I kind of consider Spector on a similar level to Molyneux at the moment, in that he talks big ideas and has been in charge of interesting projects, but it's been about a decade and a half since he's actually made a good game. Will be interesting to see what he can manage back at a studio like this.
 

duckroll

Member
Because Bioshock did it better or because Bioshock ruined it?

Neither really, just that I've come to accept that the exact sort of games System Shock 2 and Thief were back in the day just isn't really the sort of game which is easily made today. And I don't mean that SS3 won't be very similar to SS2, it could well be, just like PoE is very similar to old Infinity Engine RPGs, but it's easier to replicate nostalgia than it is to create something new and cutting edge with the same spirit that originally birthed those games.
 

epmode

Member
And I don't mean that SS3 won't be very similar to SS2, it could well be, just like PoE is very similar to old Infinity Engine RPGs, but it's easier to replicate nostalgia than it is to create something new and cutting edge with the same spirit that originally birthed those games.
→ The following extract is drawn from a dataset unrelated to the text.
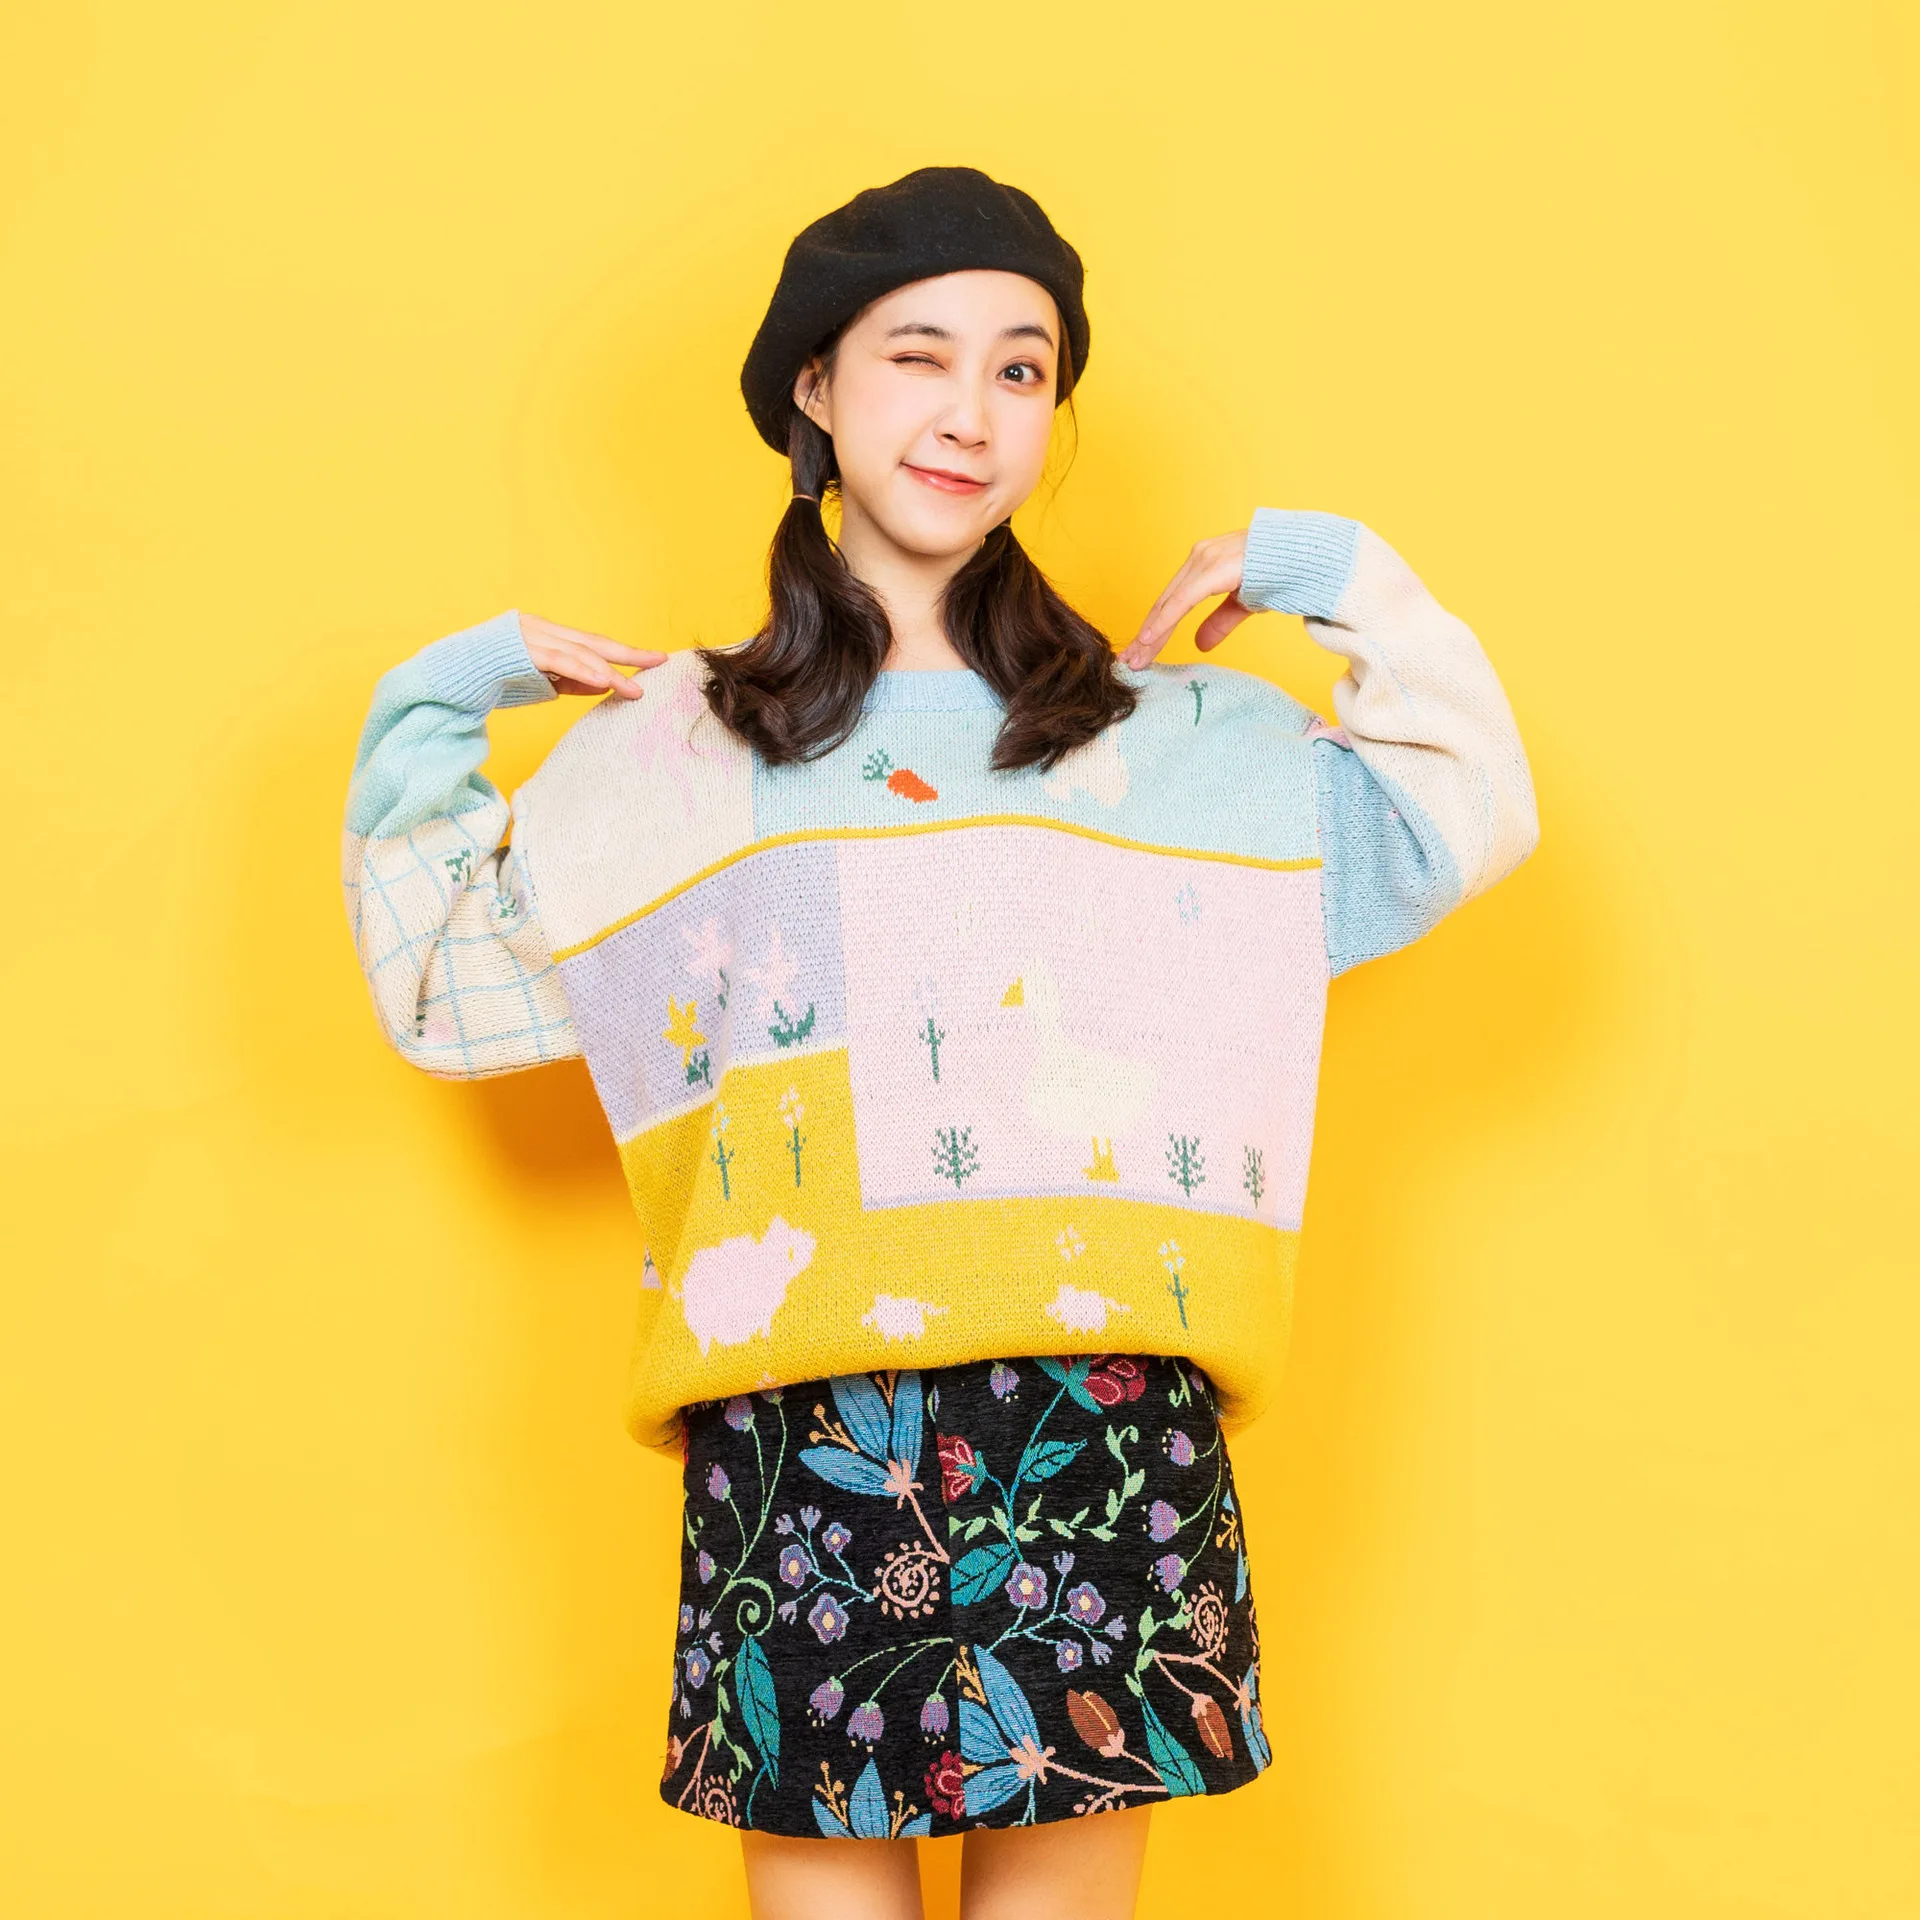 Винтажный дизайн, Женский пуловер шерстяной свитер с круглым вырезом, с цветным блоком, вязаный джемпер, топ для осени и зимы

This is true. I'm optimistic about SS3 because of what I've seen in the Underworld alpha. Rather than playing up the nostalgia factor and simply remaking the old games, they're really pushing the boundaries of physics systems. For example, every door and trap in the game is physically simulated which makes for some crazy strategies. They've also been experimenting with physically simulated momentum and wallrunning.
 

duckroll

Member
This is true. I'm optimistic about SS3 because of what I've seen in the Underworld alpha. Rather than playing up the nostalgia factor and simply remaking the old games, they're really pushing the boundaries of physics systems. For example, every door and trap in the game is physically simulated which makes for some crazy strategies. They've also been experimenting with physically simulated momentum and wallrunning.

That's pretty promising. I haven't really kept up with the Underworld stuff, mainly because I'm not a -huge- UU fan, but I do hope the project turns out well so at the end I have a great new FP dungeon crawler to buy. :)
 

Purkake4

Banned
Neither really, just that I've come to accept that the exact sort of games System Shock 2 and Thief were back in the day just isn't really the sort of game which is easily made today. And I don't mean that SS3 won't be very similar to SS2, it could well be, just like PoE is very similar to old Infinity Engine RPGs, but it's easier to replicate nostalgia than it is to create something new and cutting edge with the same spirit that originally birthed those games.
I think the best case here would be to keep SS2's complexity and take it forward using the opportunities and tools available in modern game design. The factors that made Bioshock what it is aren't really the driving factors in the industry any more, there is much more space for niche games (and SS2 is quite a large niche at that). Keep the good ideas, ditch the questionable implementation.

I can even see throwing a bunch of gameplay mechanics at SOMA and it already being a half-decent System Shock. (Not that it wasn't good already.)

I feel that bringing a CRPG back is a much taller order as the RPG genre has gone in a wildly different direction and a lot of the gameplay would need to be reinvented.